CryptoJones · CryptoJones · May 18, 2026 · May 18, 2026
diff --git a/app/config/openapi.js b/app/config/openapi.js
@@ -344,6 +344,48 @@ const spec = {
                 },
             },
         },
+        '/v1/customer/search': {
+            get: {
+                summary: 'Search customers by substring (company-scoped)',
+                description:
+                    'Case-insensitive ILIKE match on custCompanyName / custFName / custLName. ' +
+                    'Non-master keys are auto-scoped to their authKey company; master keys ' +
+                    'must pass companyId explicitly (no global cross-tenant search).',
+                security: [{ authKey: [] }],
+                parameters: [
+                    { name: 'q', in: 'query', required: true, schema: { type: 'string', minLength: 2, maxLength: 255 } },
+                    { name: 'companyId', in: 'query', schema: { type: 'integer' }, description: 'Required for master keys. Forbidden when it does not match a non-master authKey\'s own company.' },
+                    { name: 'limit', in: 'query', schema: { type: 'integer', default: 100, maximum: 500 } },
+                    { name: 'offset', in: 'query', schema: { type: 'integer', default: 0 } },
+                ],
+                responses: {
+                    200: {
+                        description: 'OK — search results',
+                        content: {
+                            'application/json': {
+                                schema: {
+                                    type: 'object',
+                                    properties: {
+                                        message: { type: 'string' },
+                                        q: { type: 'string' },
+                                        companyId: { type: 'integer' },
+                                        count: { type: 'integer' },
+                                        limit: { type: 'integer' },
+                                        offset: { type: 'integer' },
+                                        customers: {
+                                            type: 'array',
+                                            items: { $ref: '#/components/schemas/Customer' },
+                                        },
+                                    },
+                                },
+                            },
+                        },
+                    },
+                    400: { description: 'Bad request — q missing/too short, or master without companyId' },
+                    403: { description: 'Missing authKey, or cross-tenant search attempt' },
+                },
+            },
+        },
         '/v1/customer/{id}': {
             get: {
                 summary: 'Get one customer by id',

diff --git a/app/controllers/customercontroller.js b/app/controllers/customercontroller.js
@@ -251,6 +251,116 @@ exports.getAllByCompanyId = async (req, res) => {
     }
 };
 
+/**
+ * GET /v1/customer/search
+ *
+ * Substring search over custCompanyName / custFName / custLName.
+ *
+ * Auth contract:
+ *   - missing authKey                                          -> 403
+ *   - non-master + companyId in query NOT matching auth scope  -> 403
+ *   - non-master without companyId                             -> auto-scope to own
+ *   - master without companyId                                 -> 400 (companyId required)
+ *
+ * The companyId requirement for master keys is deliberate: a
+ * global substring search across every tenant's customer table
+ * is a big footgun (latency + accidental data exposure if the
+ * caller wasn't authorized to see all companies' data).
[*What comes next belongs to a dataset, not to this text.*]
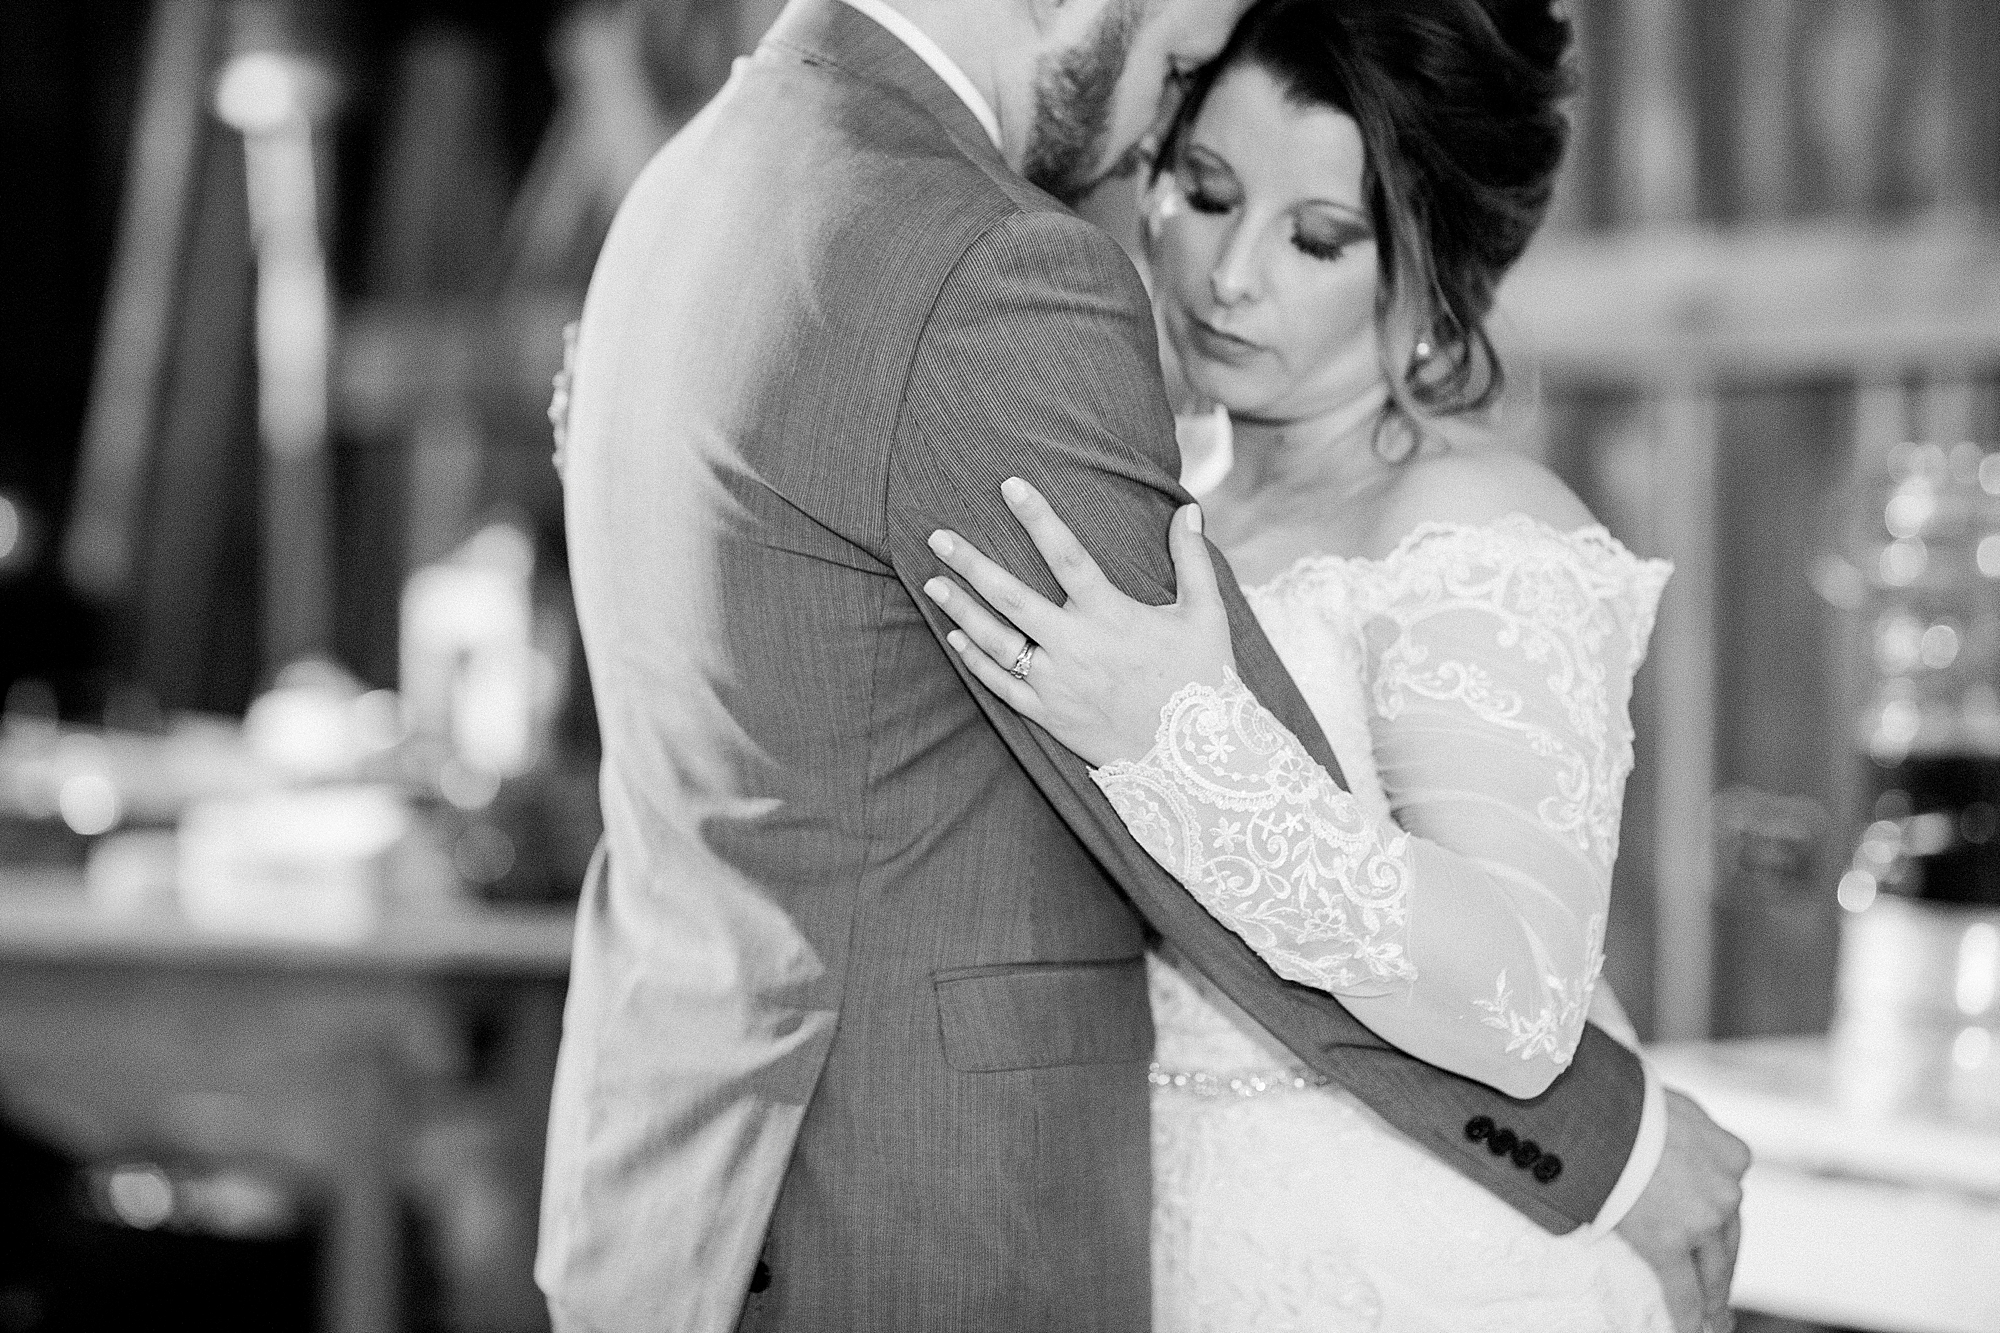 photo of a husband and wife's first dance at their wedding in black and white photographed by j. photography, a wedding photographer in Clarksville, TN
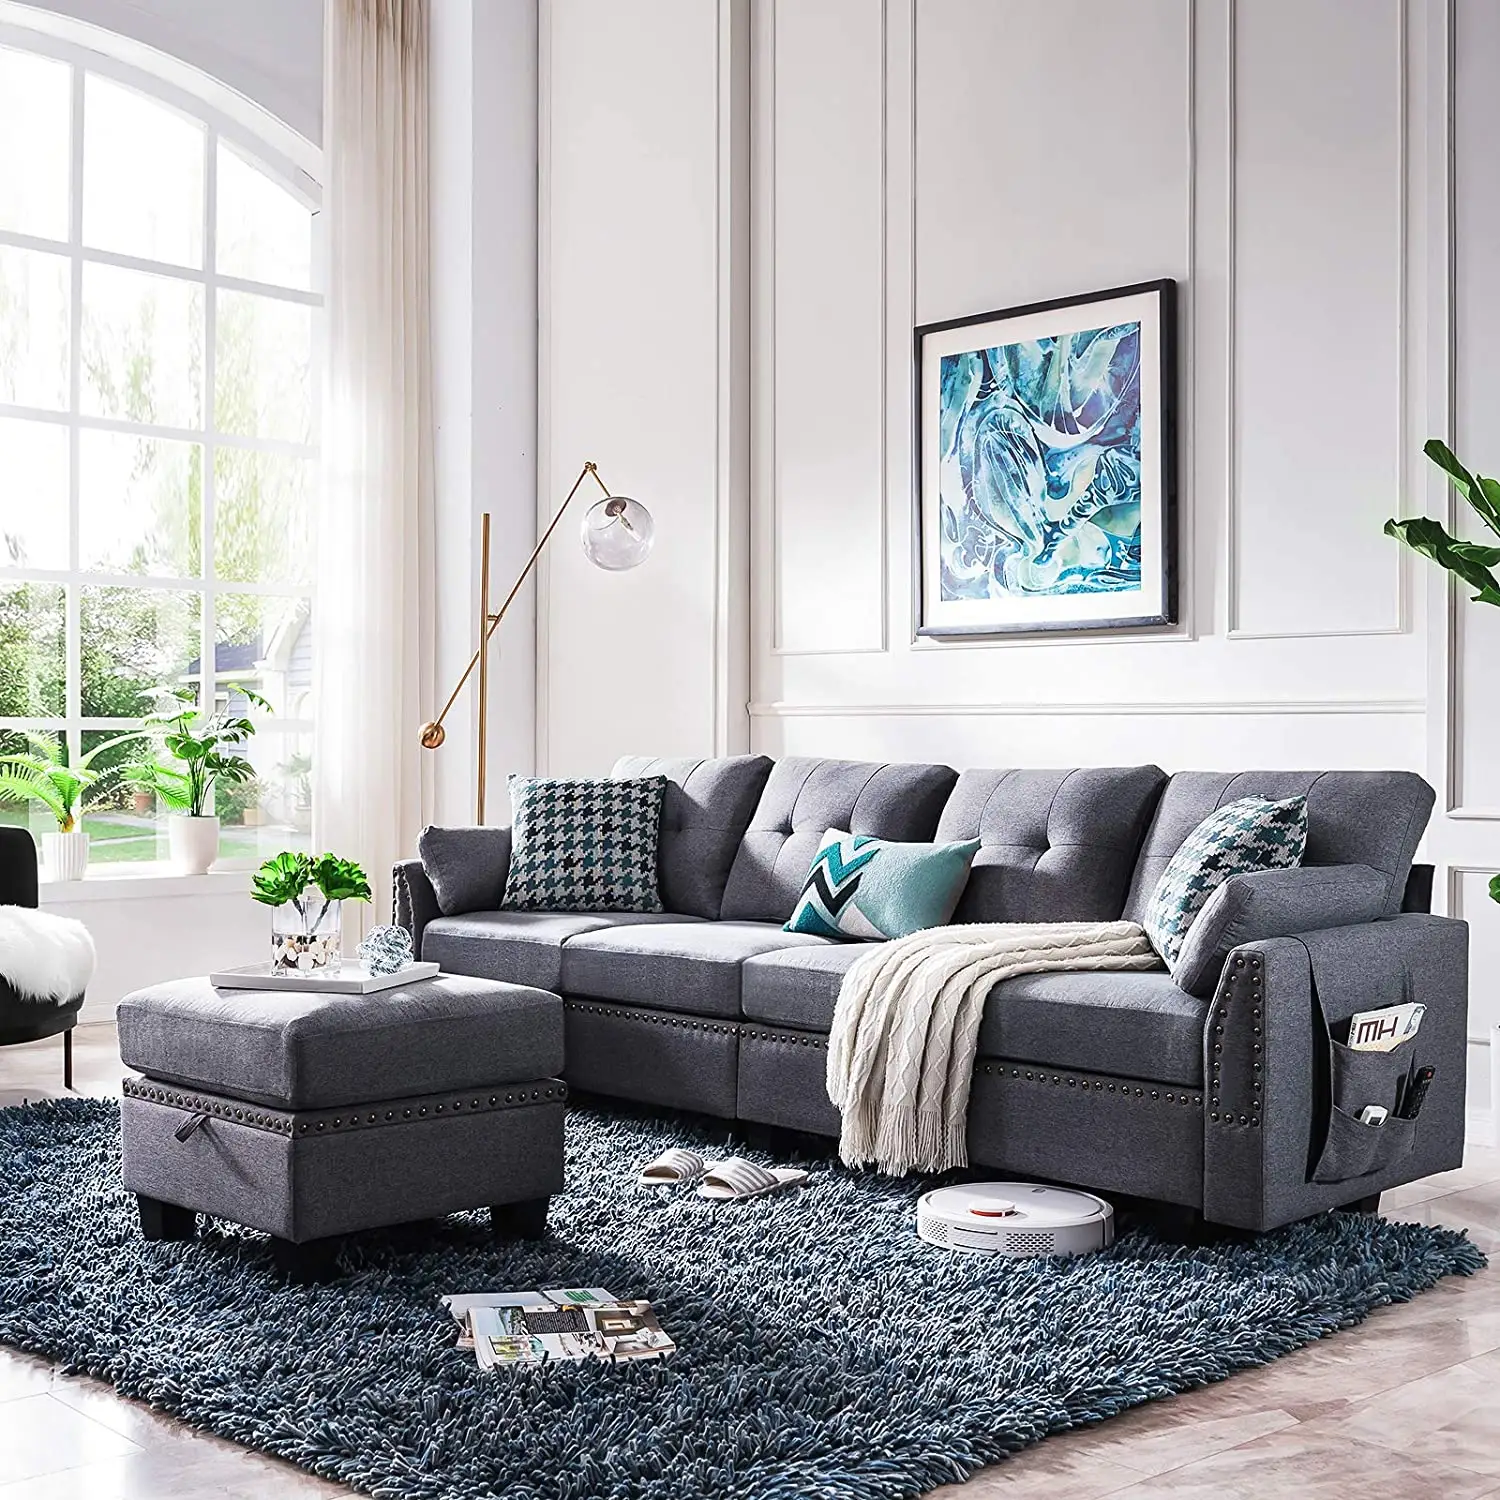 American Style home furniture fabric solid wood frame living room sofa sectional l shape capacity storage sofa

Master
+ * keys must be explicit about the scope.
+ */
+exports.search = async (req, res) => {
+    const authKey = req.get('authKey');
+    if (!authKey) {
+        return res.status(403).json({ message: "Authorization key not sent." });
+    }
+
+    let isAuthKeyMasterKey;
+    try {
+        isAuthKeyMasterKey = await IsMaster(authKey);
+    } catch (error) {
+        log.error({ err: error }, 'IsMaster failed');
+        return res.status(500).json({ message: "Error!", error: String(error) });
+    }
+
+    // Resolve effective companyId from auth + query
+    let effectiveCompanyId;
+    if (isAuthKeyMasterKey) {
+        const qCompanyId = Number(req.query.companyId);
+        if (!Number.isInteger(qCompanyId) || qCompanyId <= 0) {
+            return res.status(400).json({
+                message: "Master keys must specify companyId on search.",
+            });
+        }
+        effectiveCompanyId = qCompanyId;
+    } else {
+        let authKeyCompanyId;
+        try {
+            authKeyCompanyId = await GetCompanyId(authKey);
+        } catch (error) {
+            log.error({ err: error }, 'GetCompanyId failed');
+            return res.status(500).json({ message: "Error!", error: String(error) });
+        }
+        if (authKeyCompanyId === -1) {
+            return res.status(403).json({ message: "Invalid Authorization Key." });
+        }
+        const qCompanyId = req.query.companyId !== undefined ? Number(req.query.companyId) : null;
+        if (qCompanyId !== null && qCompanyId !== authKeyCompanyId) {
+            return res.status(403).json({
+                message: "Cannot search customers in a company you do not belong to.",
+            });
+        }
+        effectiveCompanyId = authKeyCompanyId;
+    }
+
+    const q = String(req.query.q || '');
+    const requestedLimit = parseInt(req.query.limit, 10);
+    const limit = Number.isInteger(requestedLimit) && requestedLimit > 0
+        ? Math.min(requestedLimit, 500)
+        : 100;
+    const requestedOffset = parseInt(req.query.offset, 10);
+    const offset = Number.isInteger(requestedOffset) && requestedOffset >= 0
+        ? requestedOffset
+        : 0;
+
+    const Op = db.Sequelize && db.Sequelize.Op;
+    if (!Op) {
+        return res.status(500).json({ message: "Error!", error: "Sequelize Op not available" });
+    }
+
+    // ILIKE on Postgres; the `%` wildcards come from us, not the user.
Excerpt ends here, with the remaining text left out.